*The task*. What you return should be the complete listing, unchanged, with no pictures in it.

*** Material provided Section Begins ***

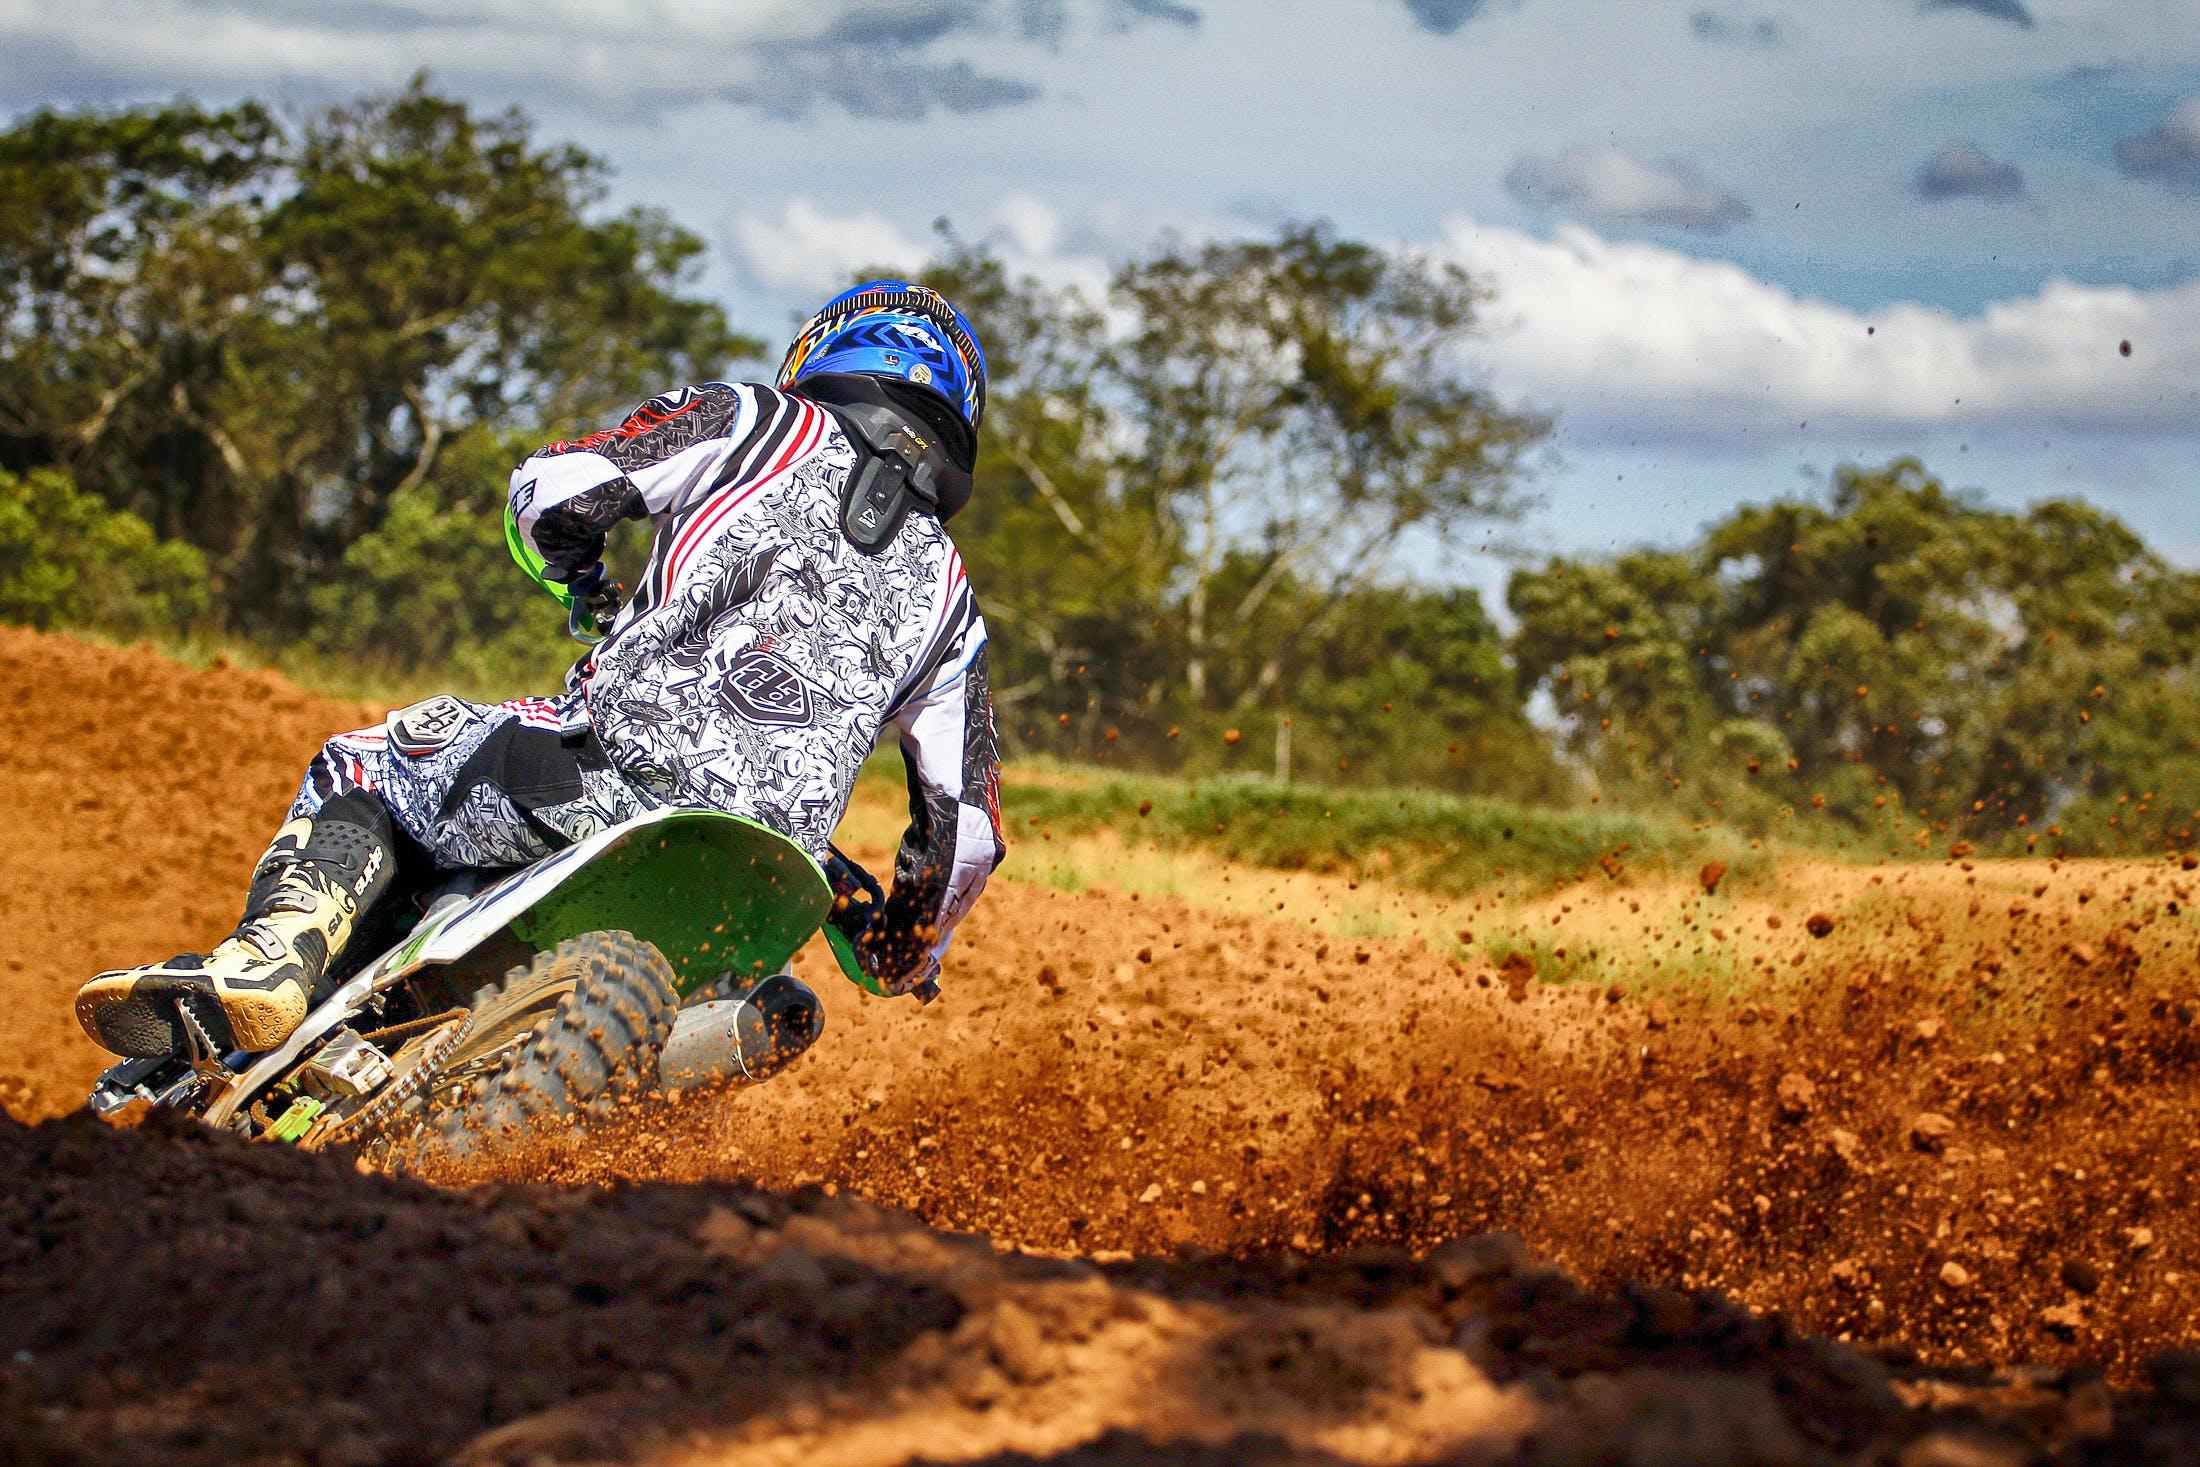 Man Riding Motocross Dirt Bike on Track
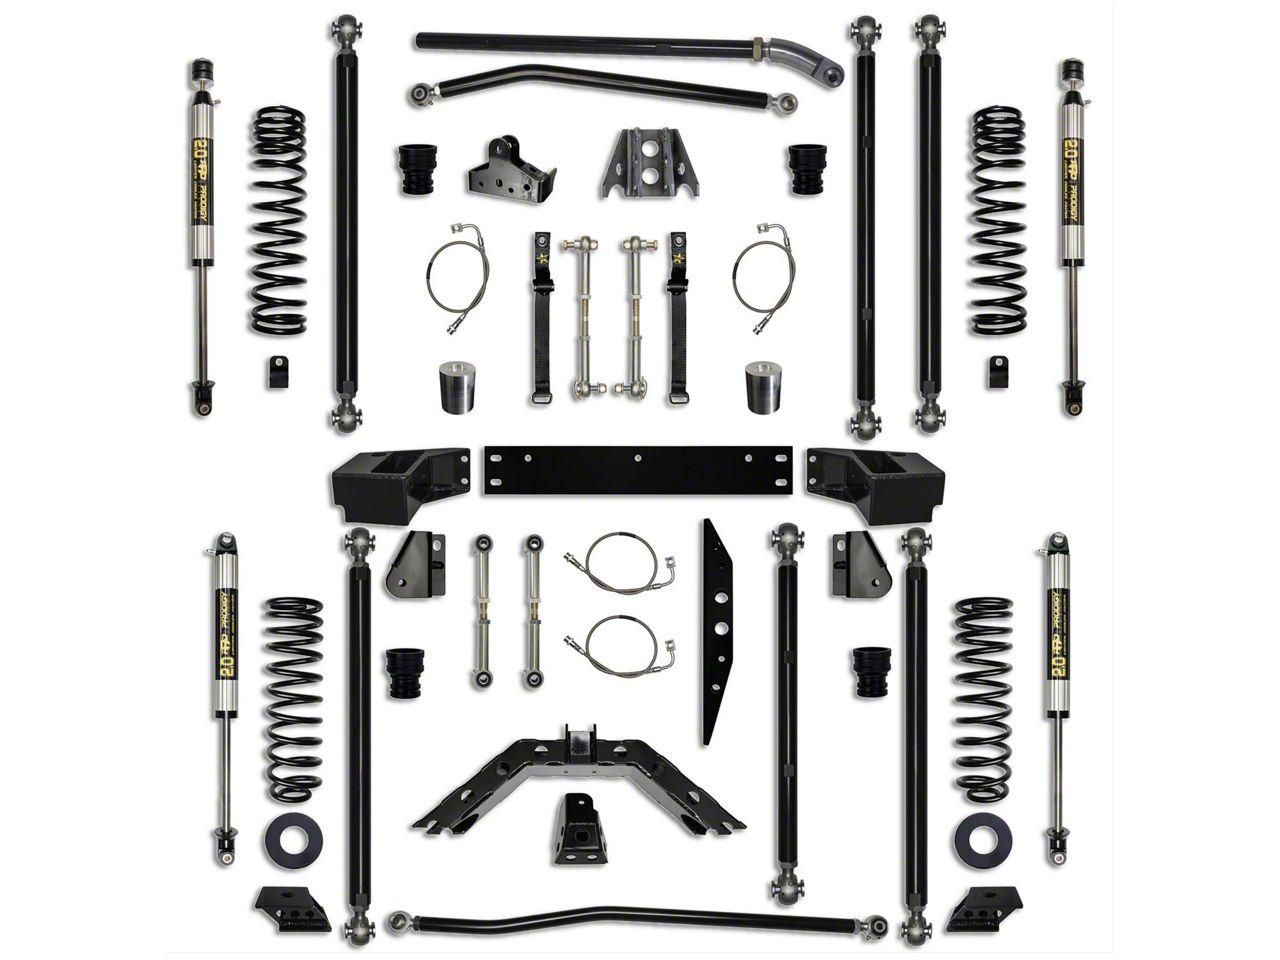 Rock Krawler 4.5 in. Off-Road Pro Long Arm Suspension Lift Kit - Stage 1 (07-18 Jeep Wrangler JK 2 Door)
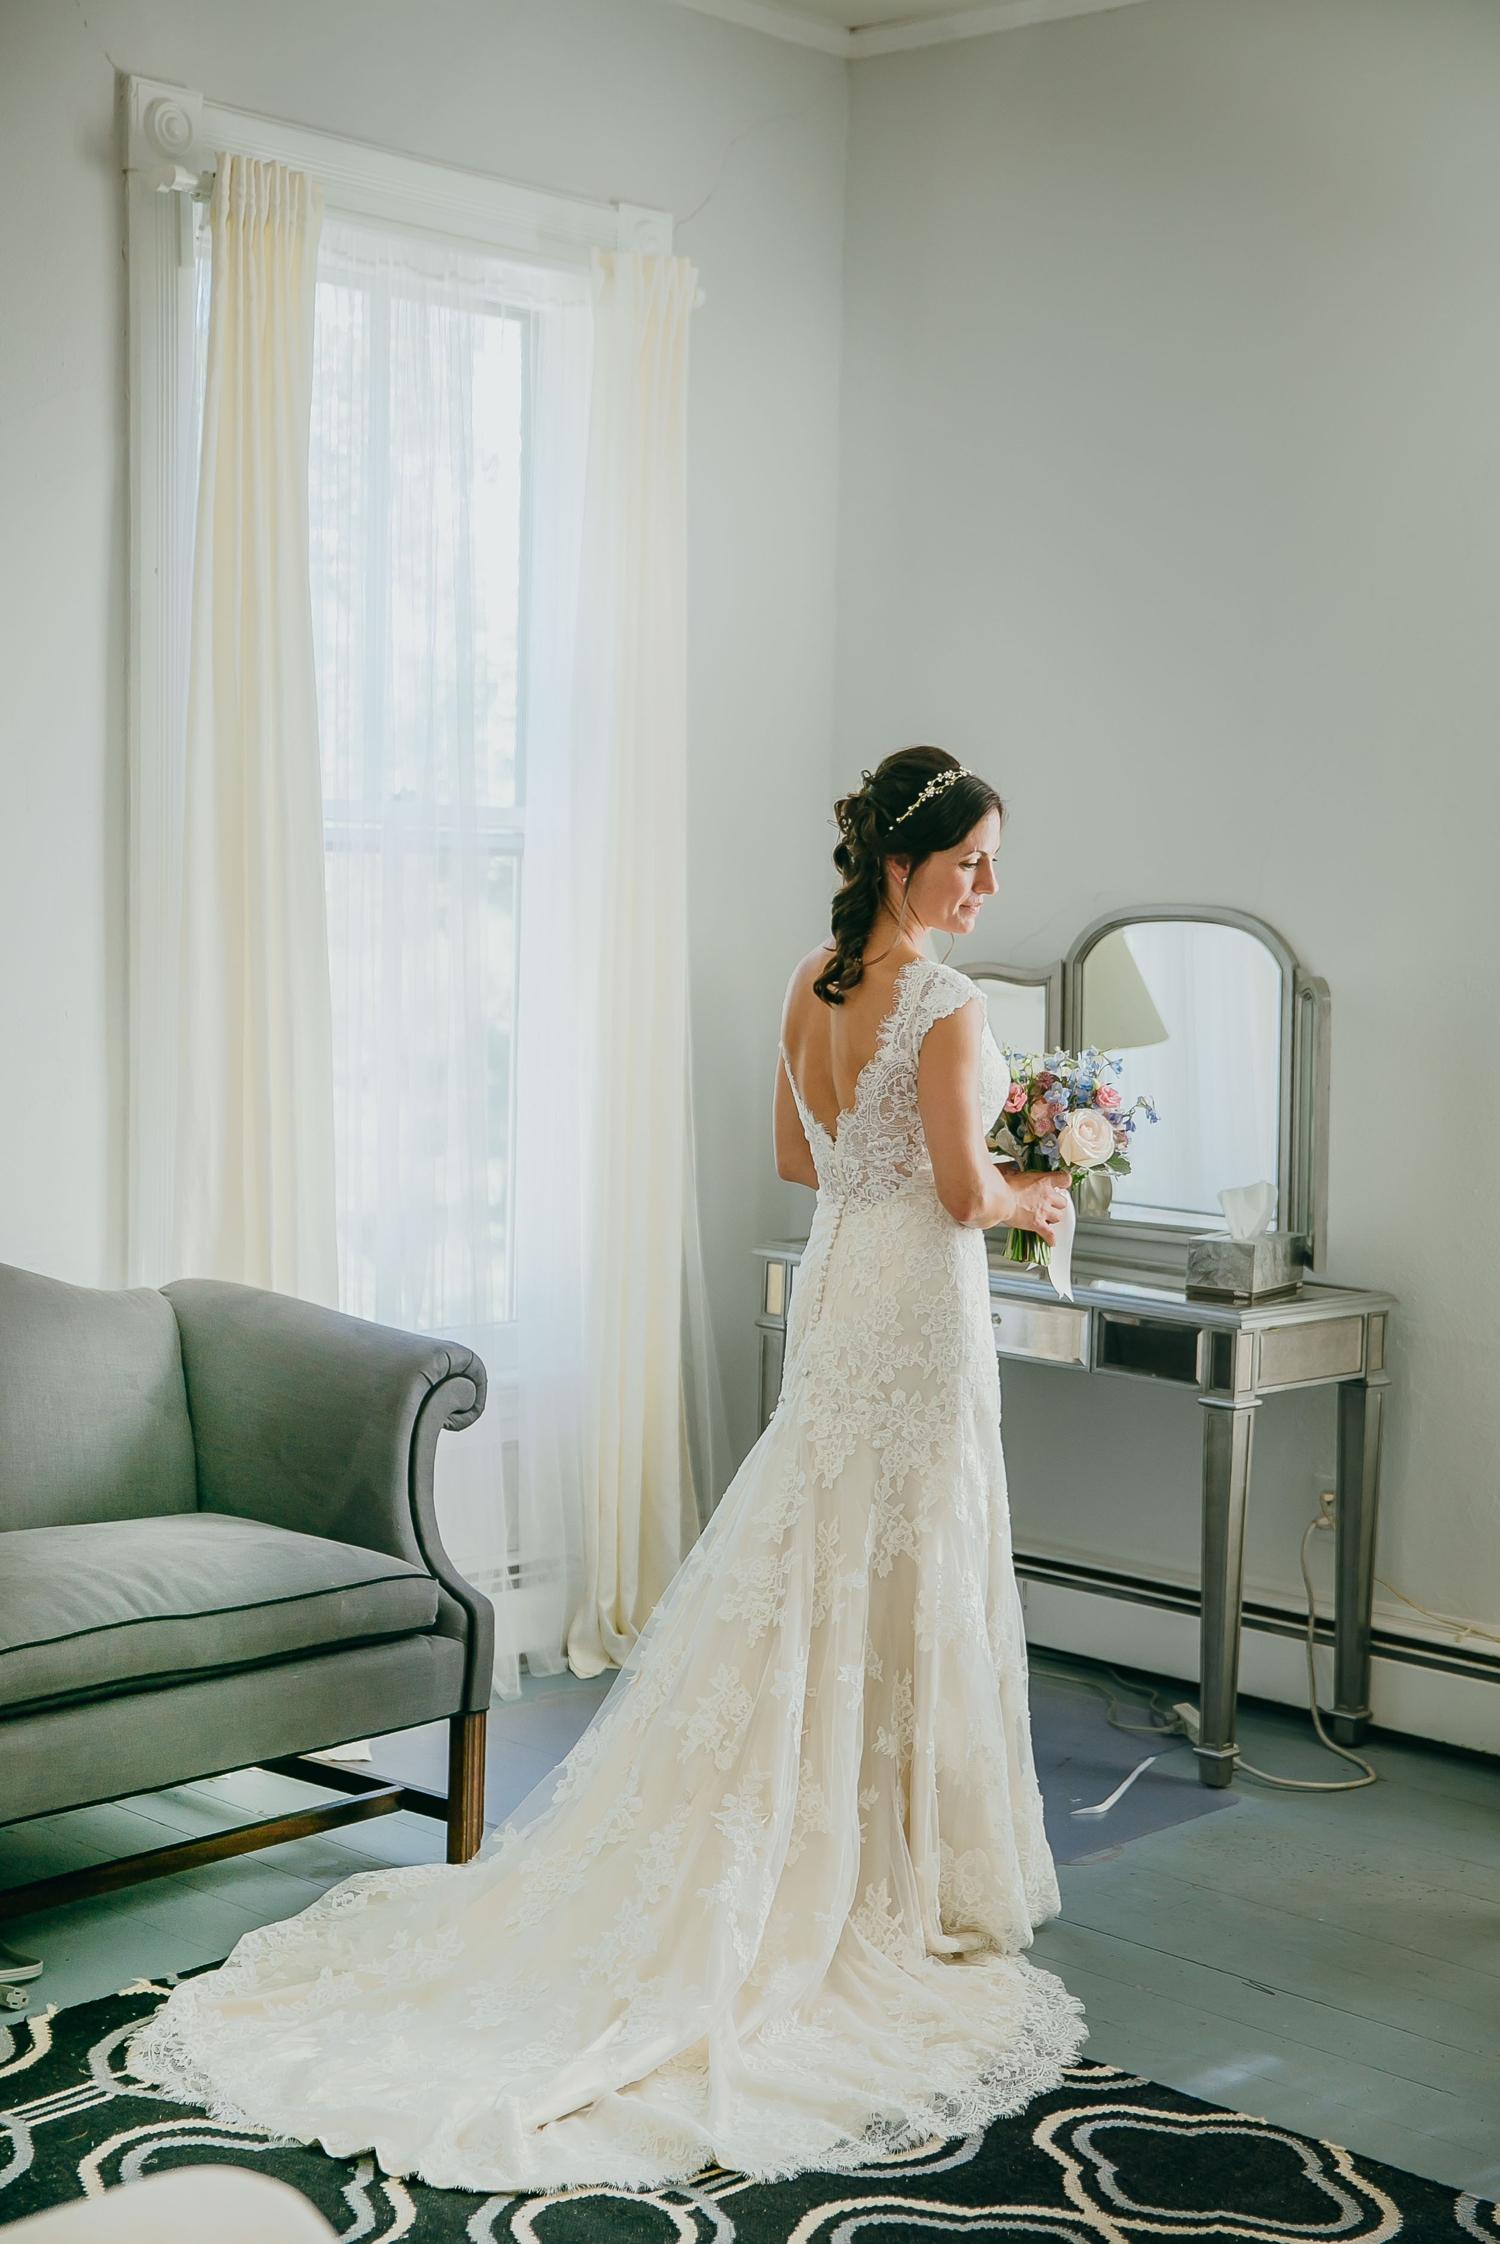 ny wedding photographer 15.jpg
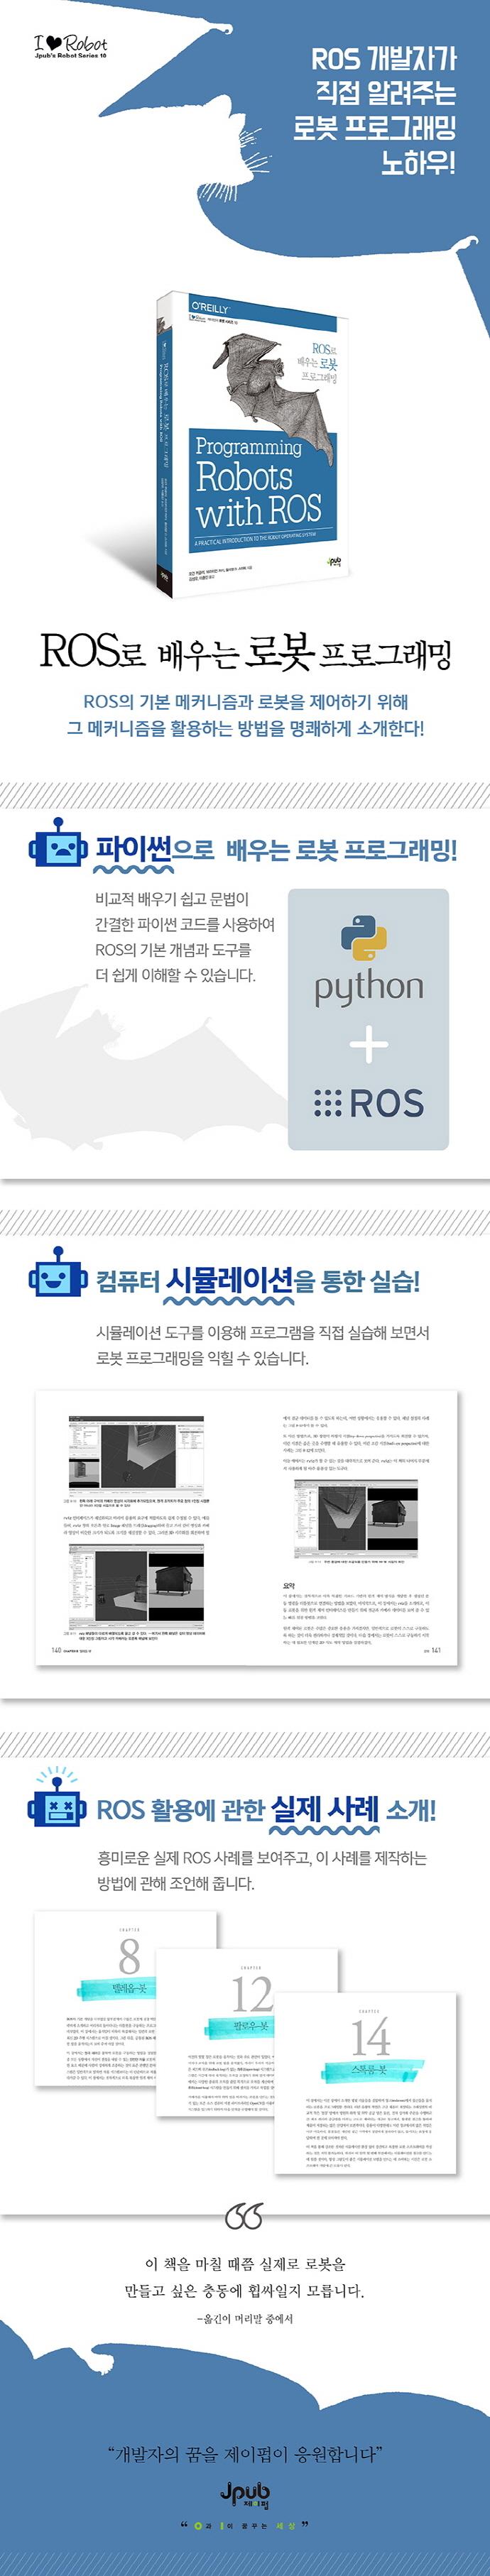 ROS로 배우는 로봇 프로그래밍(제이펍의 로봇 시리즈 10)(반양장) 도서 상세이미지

*** Material provided Section Ends ***

*Solution for this task*.
 Man Riding Motocross Dirt Bike on Track
 Rock Krawler 4.5 in. Off-Road Pro Long Arm Suspension Lift Kit - Stage 1 (07-18 Jeep Wrangler JK 2 Door)
 ny wedding photographer 15.jpg
 ROS로 배우는 로봇 프로그래밍(제이펍의 로봇 시리즈 10)(반양장) 도서 상세이미지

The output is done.